CS 381 Solutions to Homework 10

pp. 382 - 383

4 a) Not reflexive, not symmetric, antisymmetric, and transitive.
b) Reflexive, symmetric, not antisymmetric, and transitive.
c) Reflexive, symmetric, not antisymmetric, and transitive.
d) Reflexive, symmetric, not antisymmetric, and not transitive.

18 a) $R_{2}$, b) $R_{1}$, c) $\emptyset$,
d) $\{(1,1), (2,1), (2,2), (3,1), (3,2), (3,3)\}$

28 a) Since $R$ and $S$ are reflexive, for an arbitrary $x \in A$, $(x,x) \in R$ (and $(x,x) \in S$).
Hence $(x,x) \in R \cup S$. Hence $R \cup S$ is reflexive.
b) Since $R$ and $S$ are reflexive, for an arbitrary $x \in A$, $(x,x) \in R$ and $(x,x) \in S$.
Hence for an arbitrary $x \in A$, $(x,x) \in R \cap S$. Hence $R \cap S$ is reflexive.

pp. 396

12. Omitted

17.

#	Reflexive	Irreflexive	Symmetric	Antisymmetric	Transitive
13	No	Yes	No	No	No
14	Yes	No	No	No	No
15	No	No	Yes	No	No

pp. 406 - 407

2. R is symmetric. Hence it is its own symmetric closure.

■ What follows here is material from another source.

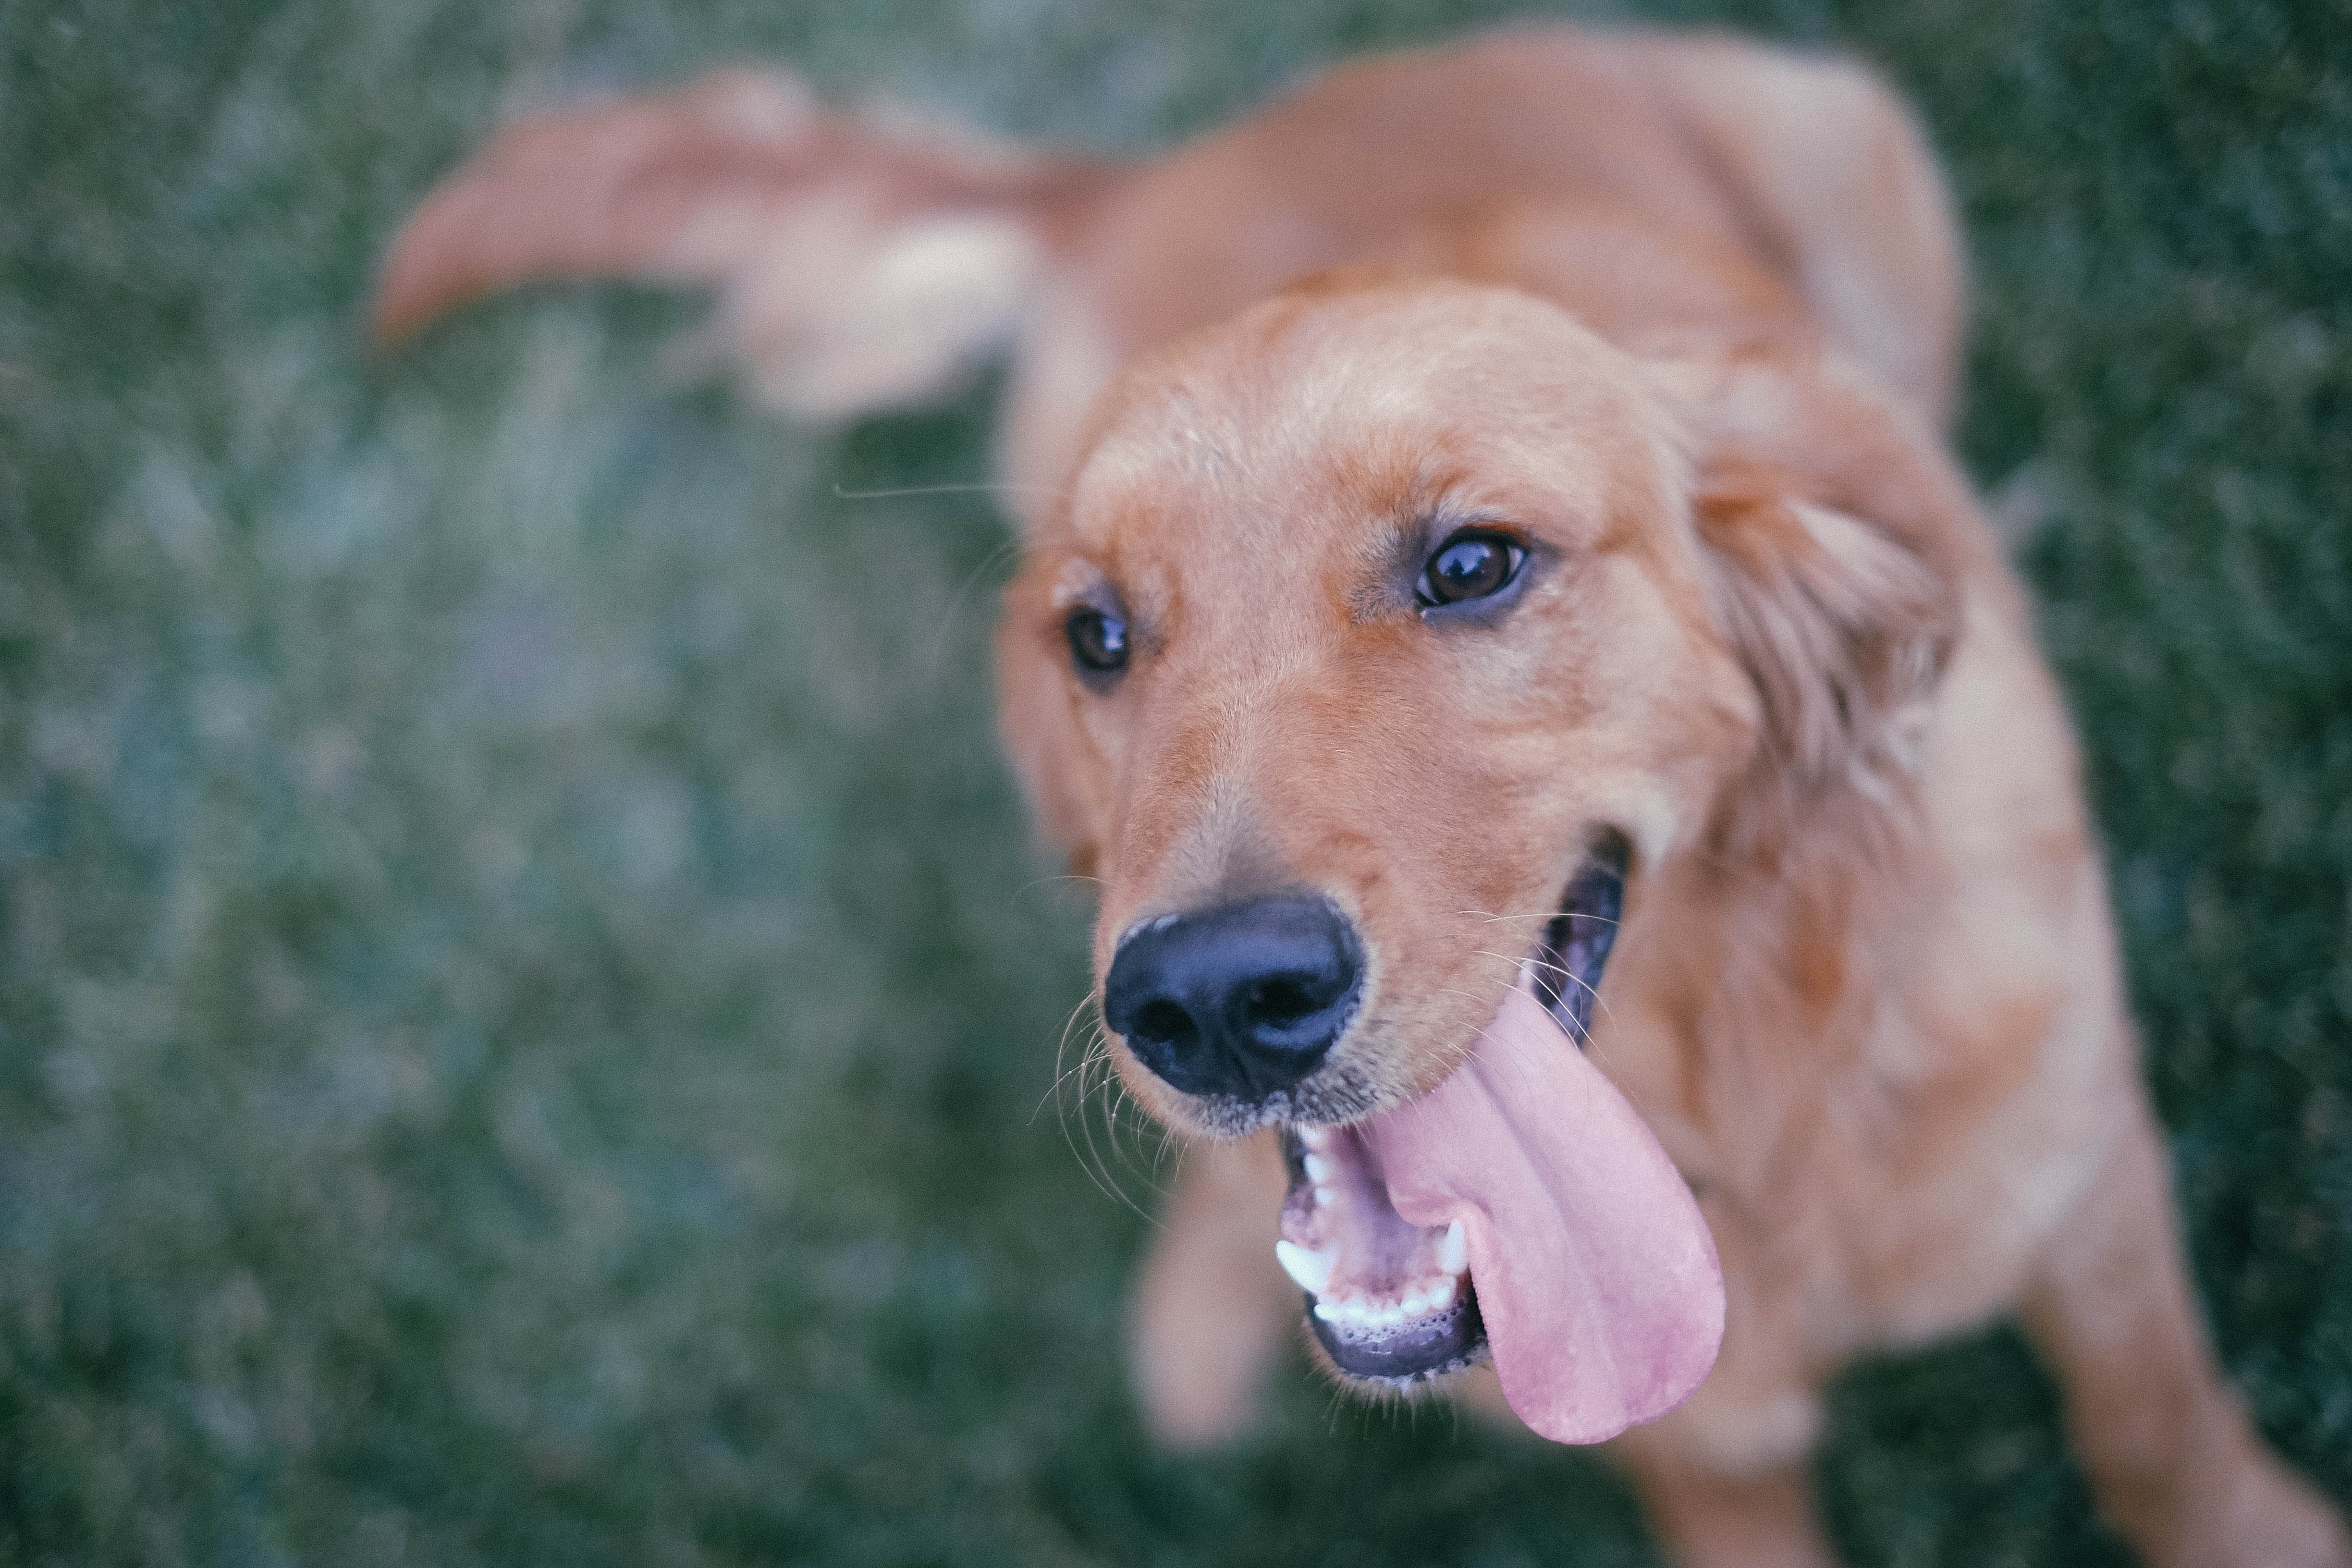 Фото межпородные скрещивания собак собака мех - бесплатные картинки на Fonwall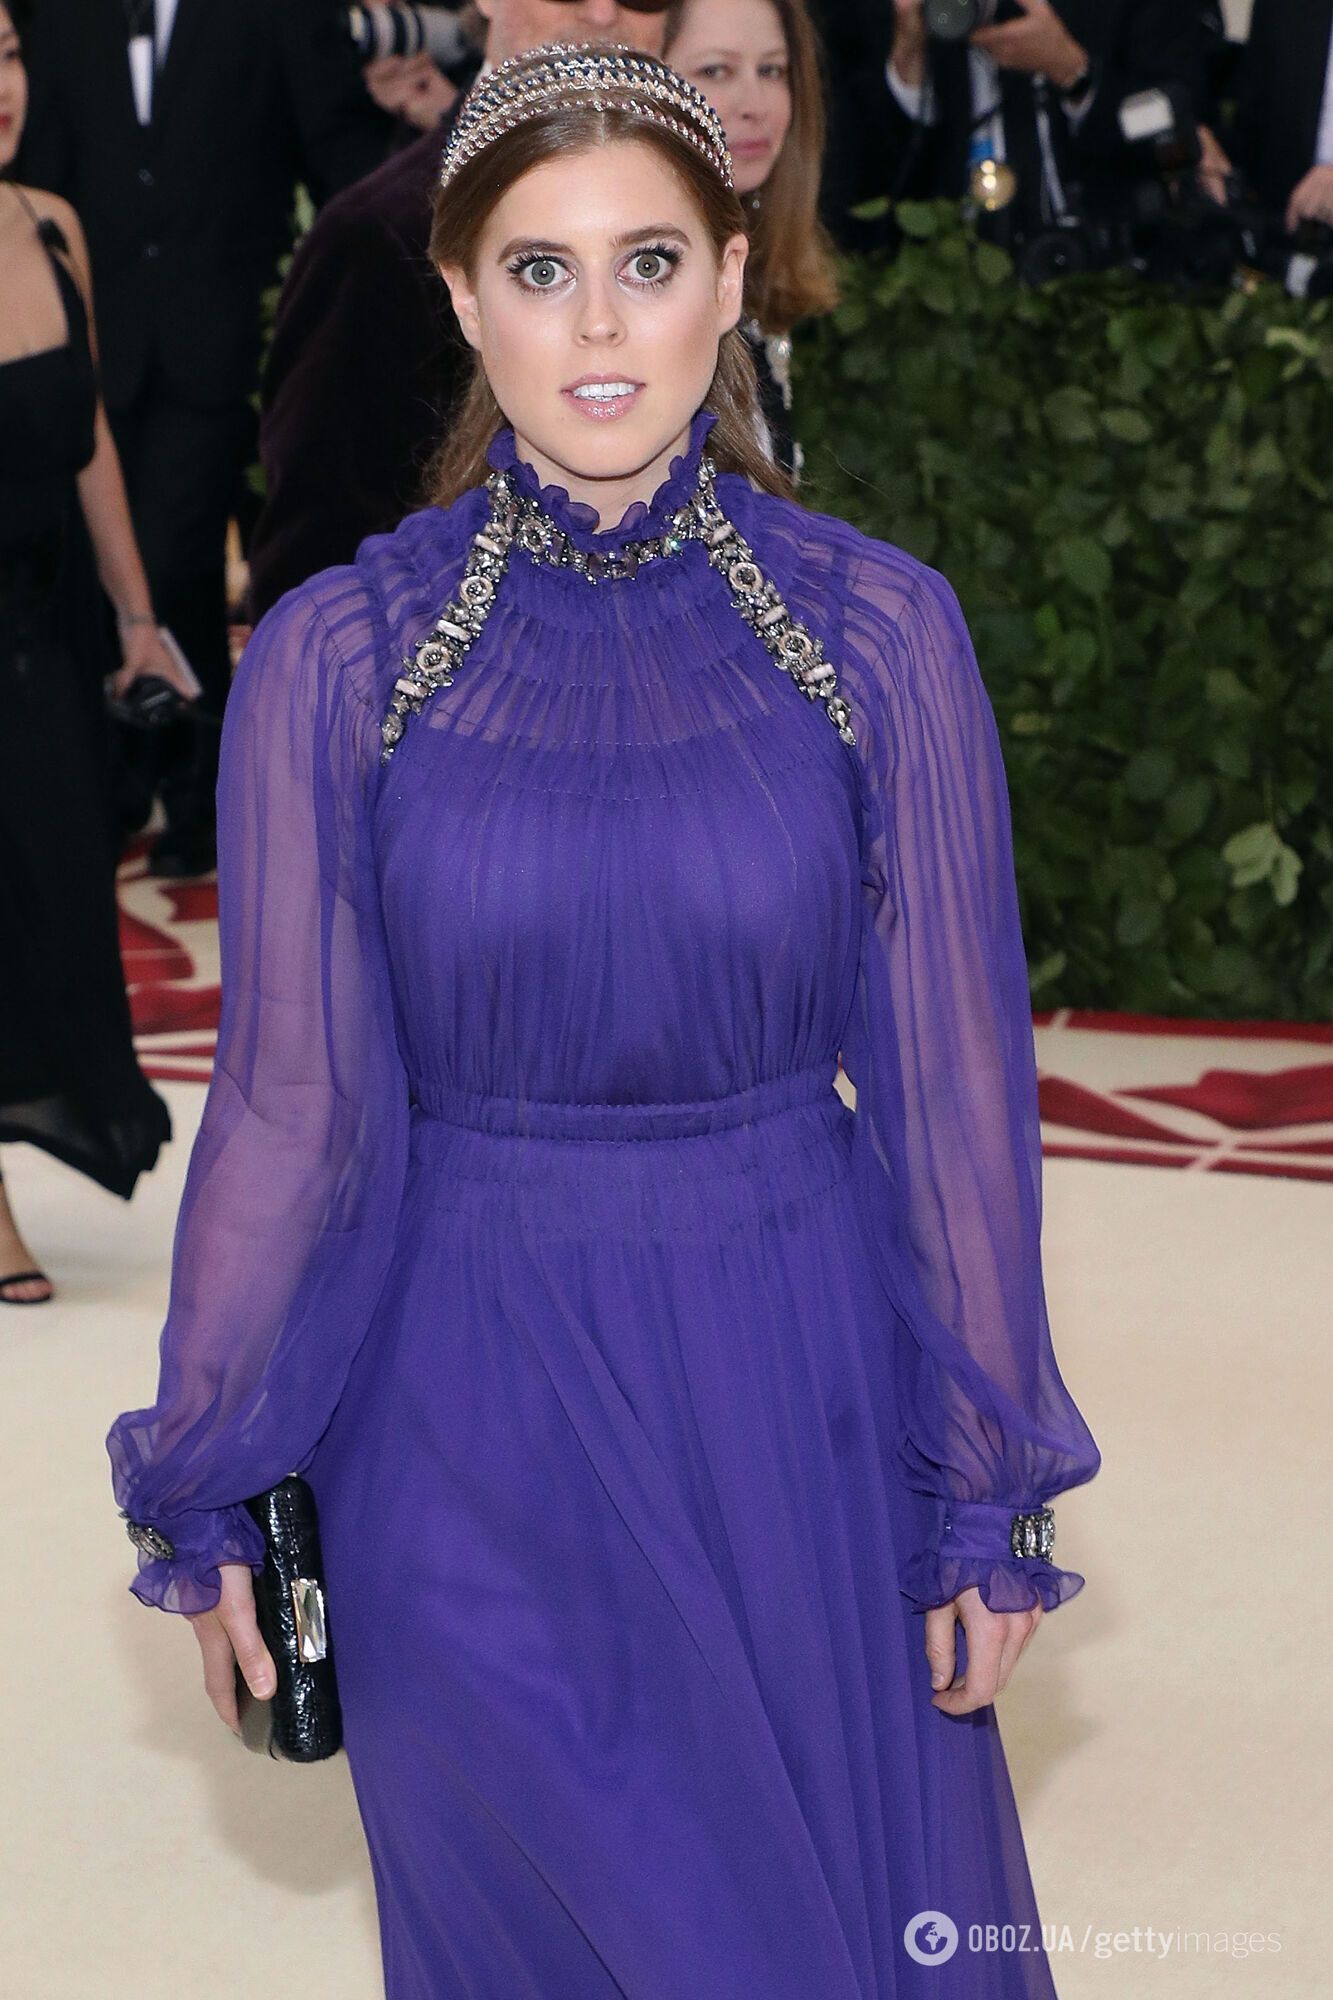 Принцесса Беатрис положила начало модному тренду на Met Gala: после нее эту вещь одевали Кейт Миддлтон и другие королевские особы. Фото

5. Add a loop at each vertex to the graph.

9. Symmetric closure of 5: $\{(a,b), (b,a), (a,c), (c,a), (b,d), (d,b), (c,d), (d,c)\}$

20 b) $(a, b)$ in $R^{3}$ means that there is a two-stop (three leg) airline flight from city $a$ to city $b$.

24. Not necessarily. For example let $R = \{ < a, b >, < b, a > \}$ on the set $\{a, b\}$. Then $R^{2} = \{ < a, a >, < b, b > \}$, which is not irreflexive.